— Ну?
— Слушай, мне кажется, что за мной постоянно следят. На улице, в магазинах, даже в библиотеке. Мне кажется, я схожу с ума.
— Следят? — воззрился на младшего с нескрываемым любопытством. — Зеленые человечки?
— Я же просил не издеваться.... — Похоже, проблема зеленых человечков и собственной вменяемости действительно серьезно волнует младшего брата.
— Молчу. Но, может, тебе сходить к психологу? Есть же в универе психолог?
— Я бы сходил... Только, Леш, а если... за мной точно следят? Два мужика. Один рыжий, мелкий, а другой широкий, вечно в кепке. Я их постоянно вижу.
— Головой не стукался? — преувеличенно заботливо поинтересовался Лех. Про себя подумал, что нужно устроить Дариушу разгон. Он просил приглядывать, а не пугать братишку.
— Нет. Лех, я серьезно говорю!
— Ладно. Верю. Завтра сходи к психологу. А я попробую разобраться своими методами. Хорошо?
— Хорошо... — братишка вроде бы успокоился. Казимир всё равно смотрел с глубоким презрением и подозрением.
Глава 7.
— Мессарош — мясник.
— Что?
— Говорю, "Мессарош" означает "мясник". Ему очень подходит.
— А, понятно.
— А вот этот, который в косоворотке, это начальник охранки у Крума.
— А чего у него с лицом?
— Вроде бы в драке. Но поговаривают, что это его любовница. Из ревности. Вроде. Пока спал, облила кислотой.
— Дерьмо.
— Еще какое. А вот та девка рыжая, это его нынешняя. Она сама из "Чартей" и неплохо дерется.
— Вижу.
— А вон тот, с девушкой, это...
— Послушай, не отвлекай, а? Тут не трудно, но нельзя отвлекаться.
— Молчу.
На подносе — лужица. Лужица алая, потому что кровь. Кровь одного из ребят Дариуша. Тот рад был, что совсем не убили, а на литр крови ему при таком раскладе было плевать. В смысле, притащили, махают перед носом кинжалами, у парня сердце давно уже в пятках, а тут выясняется, что с него только и нужна эта кровь. Для гадания. Даже не поморщился, пока "кормил" кровью поднос.

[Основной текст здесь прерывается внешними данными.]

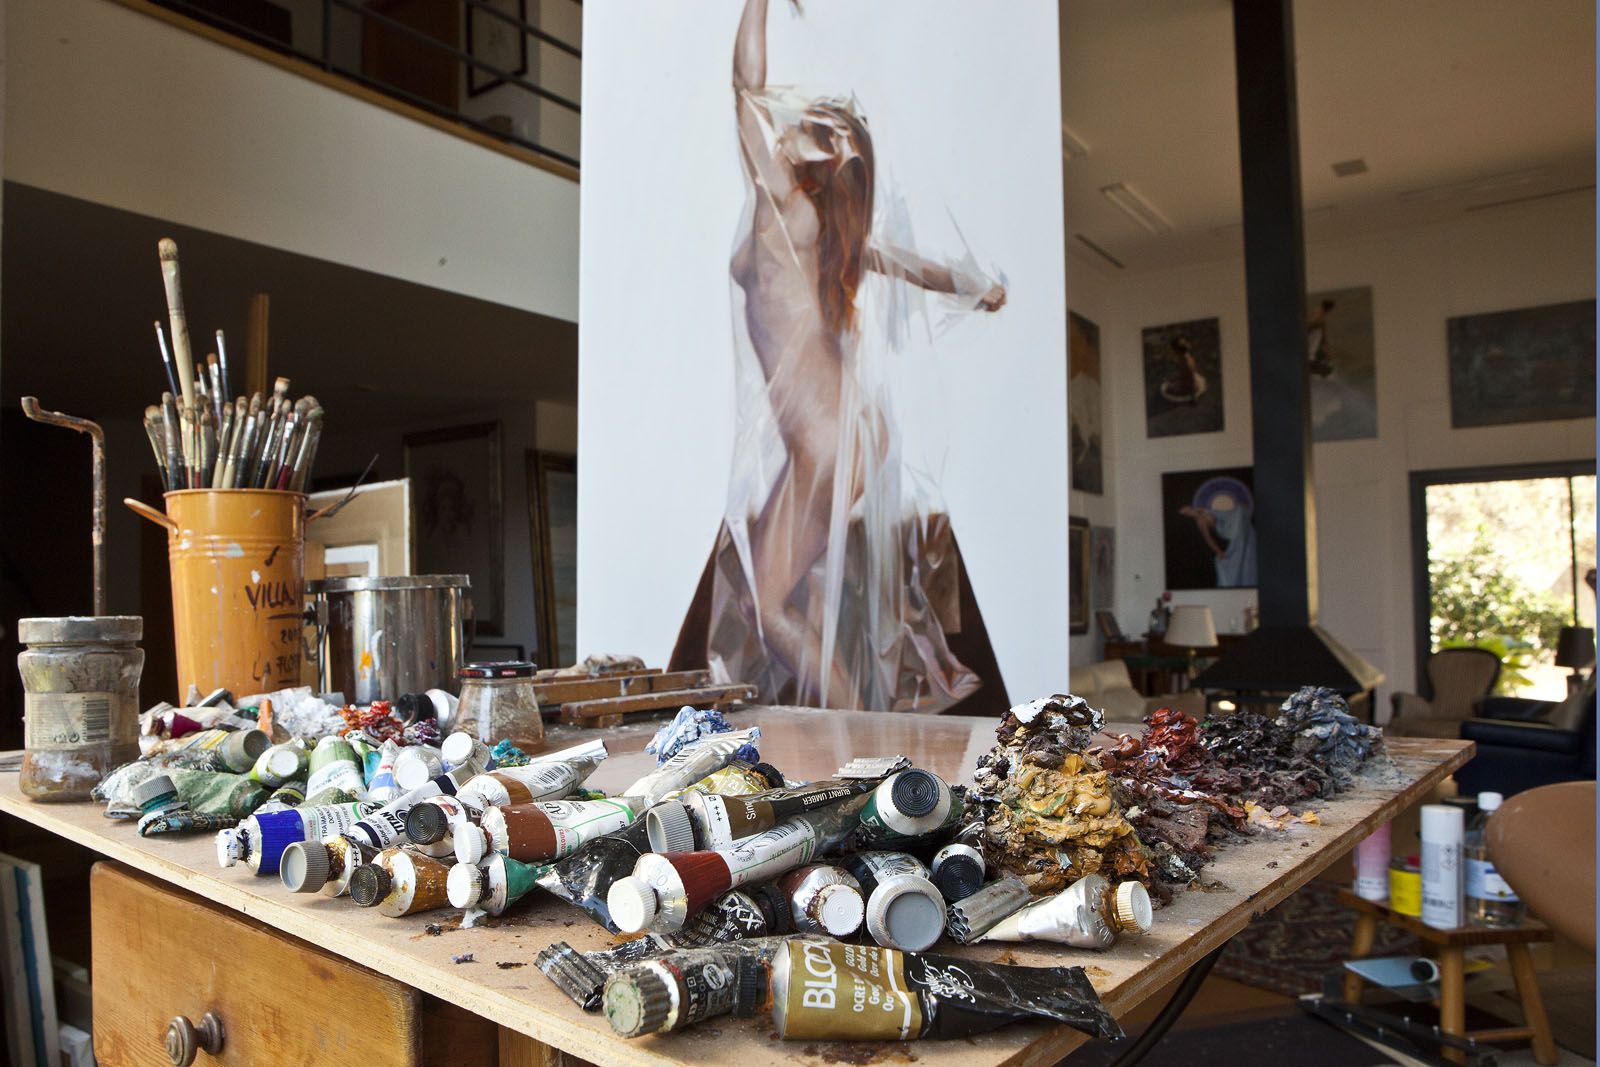 Actualment treballa amb la col·lecció de dones envoltades de plàstic  FOTO: Artur Ribera

Дариуш вьется над локтем, как стервятник. Он и есть стервятник — в алой лужице мятутся тени, криков не слышно, но тени эти умирают, корчатся в агонии, убивают. Дариушу нравится.
В лужице подноса отражается потасовка, небольшая, в общем, но важная. Сейчас идет передел власти. Идет здесь, на Третьем Ярусе, между венграми и болгарами Крума, идет в далекой Африке, прямо посреди саванны — там ночь, а в ночи сшиблись зимбези и ниррити, этим только дай порвать друг дружке глотки. Затихло уже в снегах Финляндии. Там было жарко, но коротко — там вообще народу не много. Победители уже празднуют и вряд ли способны что-то соображать, тела проигравших застывают в снегах и метелях. Дерутся за власть. Дерутся за сладкие обещания... А Лех смотрит, как дерутся, подпитывает, кого нужно, берет на заметку отличившихся, давит тех, кто слишком сопротивляется... Плещется кровушка на подносе.
— А вот, гляди...
— Умолкни.
— Молчу.
Наконец, всё с Третьим Ярусом. Совсем всё.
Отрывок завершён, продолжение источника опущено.